Comparison of Epworth Sleepiness Scale and STOP-BANG Questionnaire for Diagnosing Obstructive Sleep Apnea at a Tertiary Care Centre in North India: A Retrospective Study

Mansunderbir Singh

Keywords : Epworth sleepiness scale, Obstructive sleep apnea, Polysomnography, Screening, STOP-BANG questionnaire

Citation Information : Singh M. Comparison of Epworth Sleepiness Scale and STOP-BANG Questionnaire for Diagnosing Obstructive Sleep Apnea at a Tertiary Care Centre in North India: A Retrospective Study. Indian Sleep Med 2019; 14 (3):46-50.

DOI: 10.5005/jp-journals-10069-0042

License: CC BY-NC 4.0

Published Online: 01-06-2018

Copyright Statement:  Copyright © 2019; The Author(s).

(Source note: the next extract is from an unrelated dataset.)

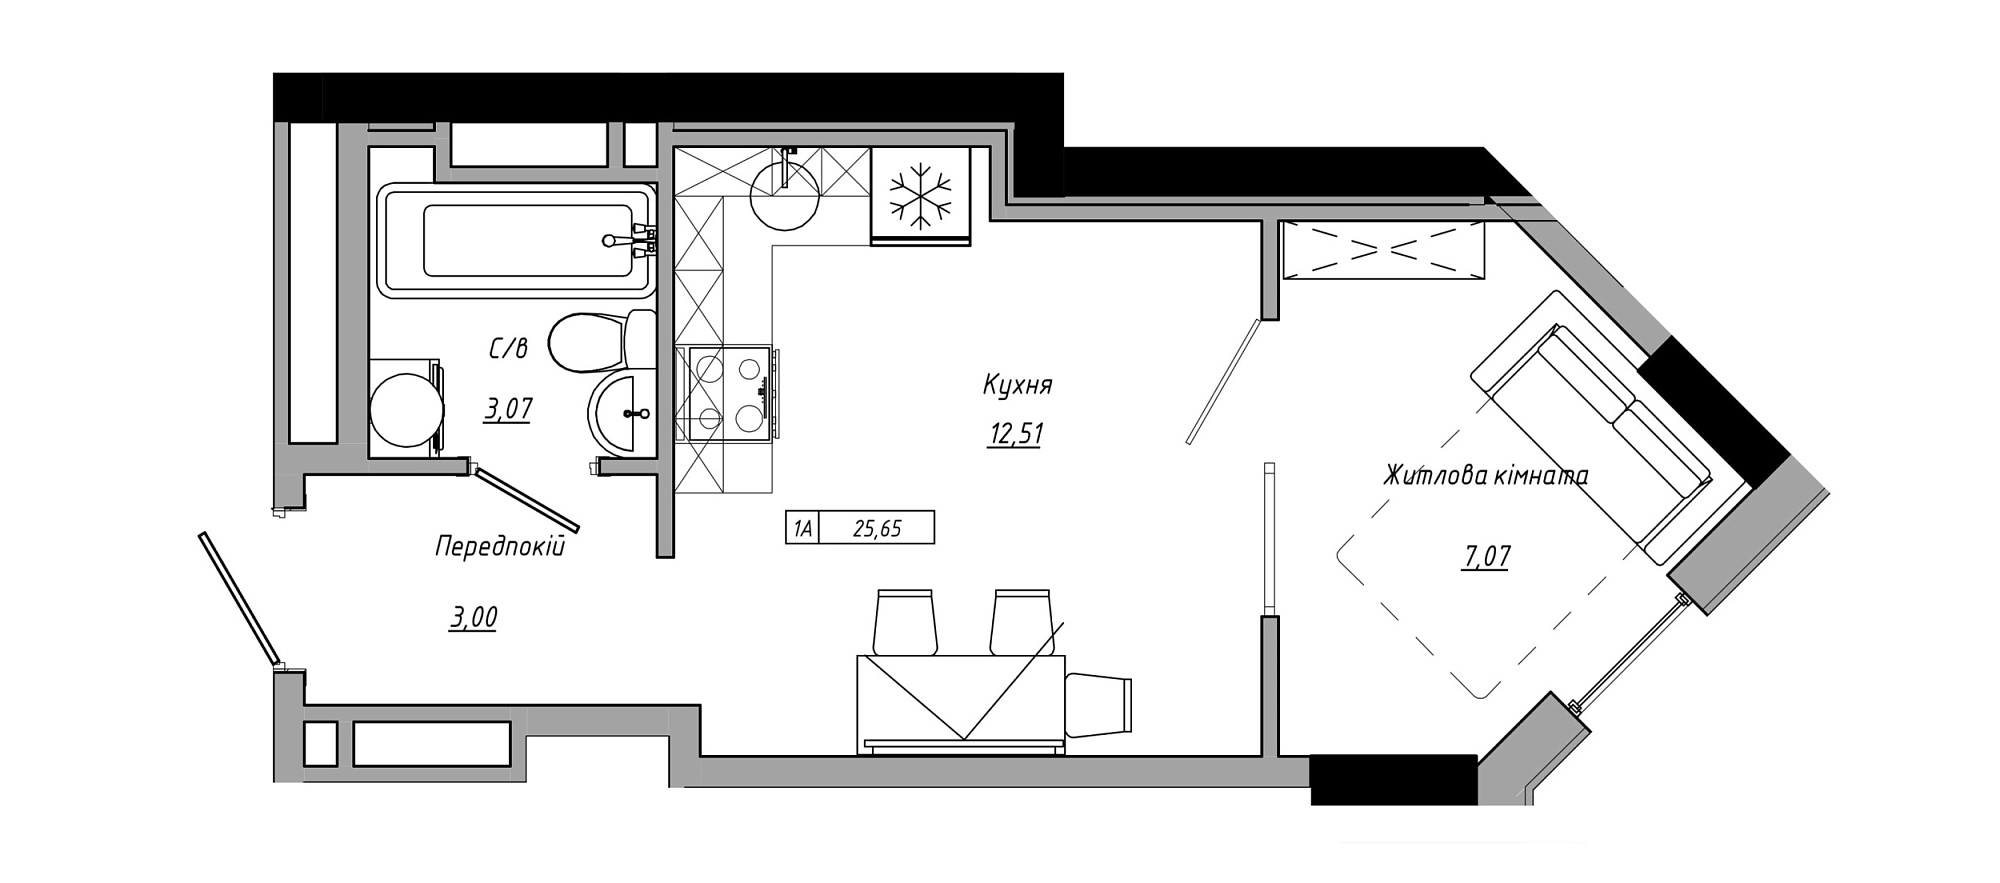 Планировка 1-к квартира площей 25.65м2, AB-21-07/00001.

Introduction: The diagnosis of obstructive sleep apnea (OSA) requires polysomnography (PSG). The screening of OSA utilizes questionnaires like the Epworth sleepiness scale (ESS) and the STOP-BANG questionnaire (SBQ) that have variable predictive value, as reported from the Western literature. Materials and methods: A retrospective cohort study was done in adult subjects (n = 80) presenting with symptoms of OSA. The demographic profile, ESS, and SBQ scores were evaluated. The level one recorded PSG was evaluated for apnea–hypopnea index (AHI) and positive airway pressure (PAP) therapy prescribed. Results: Of the 80 subjects, 75 were diagnosed as OSA on PSG. The mean age of the study group was 49 years, with 71% men and a mean BMI of 28.25 kg/m2. Epworth sleepiness scale ≥11 was in 62.66%, and SBQ ≥ 5 in 53% of the 75 subjects. Hence, both questionnaires failed to predict OSA in nearly half of the population. The mean AHI was 33.8/hour, and the mean continuous positive airway pressure (CPAP) was 10.05 cm H2O. The AHI had a significant correlation with BMI, ESS score, and CPAP. Epworth sleepiness scale had a 53% sensitivity and 60% specificity for diagnosing OSA using a cutoff of 11, whereas SBQ had a 68% sensitivity and 100% specificity using a cutoff of 5. Conclusion: The SBQ has a higher sensitivity and specificity to detect OSA than ESS as it envisages distinct clinical manifestations and risk factors of OSA. However, neither of the two can replace PSG.